Deep Learning Based techniques

Deep Learning techniques are able to do end-to-end object detection without specifically defining features, and are typically based on convolutional neural networks (CNN). A Convolutional Neural Network (CNN, or ConvNet) is a special kind of multi-layer neural networks, designed to recognize visual patterns directly from pixel images.

1. AlexNet

In 2012, AlexNet significantly outperformed all prior competitors at ImageNet Large Scale Visual Recognition Challenge(ILSVRC) and won the challenge. Convolutional Neural Networks became the gold standard for image classification after Kriszhevsky’s CNN’s performance during ImageNet.

2. Region-based Convolutional Network (R-CNN)

CNNs were too slow and computationally very expensive. R-CNN solves this problem by using an object proposal algorithm called Selective Search which reduces the number of bounding boxes that are fed to the classifier to close to 2000 region proposals.

In R-CNN, the selective search method developed by J.R.R. Uijlings and al. (2012) is an alternative to exhaustive search in an image to capture object location. It looks at the image through windows of different sizes, and for each size tries to group together adjacent pixels by texture, color, or intensity to identify objects.

The main idea is composed of two steps. First, using selective search, it identifies a manageable number of bounding-box object region candidates (region of interest). And then it extracts CNN features from each region independently for classification.

R-CNN was improved over the time for better performance. Fast Region-based Convolutional Network (Fast R-CNN) developed by R. Girshick (2015) reduced the time consumption related to the high number of models necessary to analyse all region proposals in R-CNN.

3. You Only Look Once (YOLO)

The YOLO model (J. Redmon et al., 2016) directly predicts bounding boxes and class probabilities with a single network in a single evaluation. They reframe the object detection as a single regression problem, straight from image pixels to bounding box coordinates and class probabilities.

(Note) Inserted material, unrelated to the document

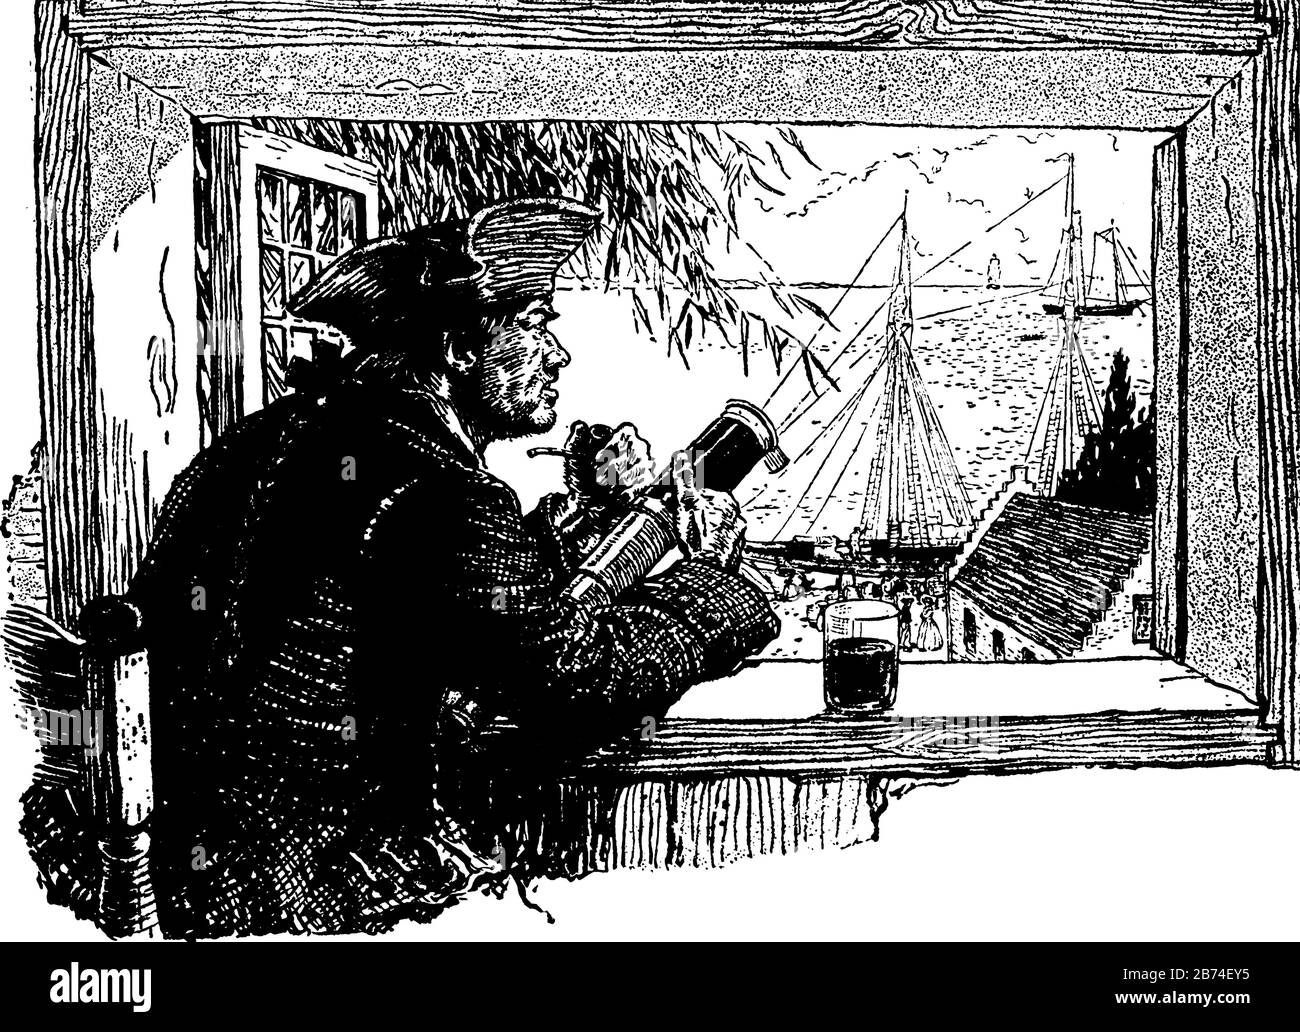 Un uomo che guarda attraverso la finestra le navi in mare e fumare, tiene in mano la Spyglass e il vetro tenuto alla finestra, linea d'epoca disegno o incisione Illustrazione Vettoriale

YOLO divides each image into a grid of S x S and each grid predicts N bounding boxes and confidence. The confidence score tells us how certain it is that the predicted bounding box actually encloses some object.

Over time, it has become faster and better, with its versions named as: YOLO V1, YOLO V2 and YOLO V3. YOLO V2 is better than V1 in terms of accuracy and speed. YOLO V3 is more accurate than V2.

4. Single Shot Detector(SSD)

SSD model was published (by Wei Liu et al.) in 2015, shortly after the YOLO model, and was also later refined in a subsequent paper.

Unlike YOLO, SSD does not split the image into grids of arbitrary size but predicts offset of predefined anchor boxes for every location of the feature map. Each box has a fixed size and position relative to its corresponding cell. All the anchor boxes tile the whole feature map in a convolutional manner.

Feature maps at different levels have different receptive field sizes. The anchor boxes on different levels are rescaled so that one feature map is only responsible for objects at one particular scale.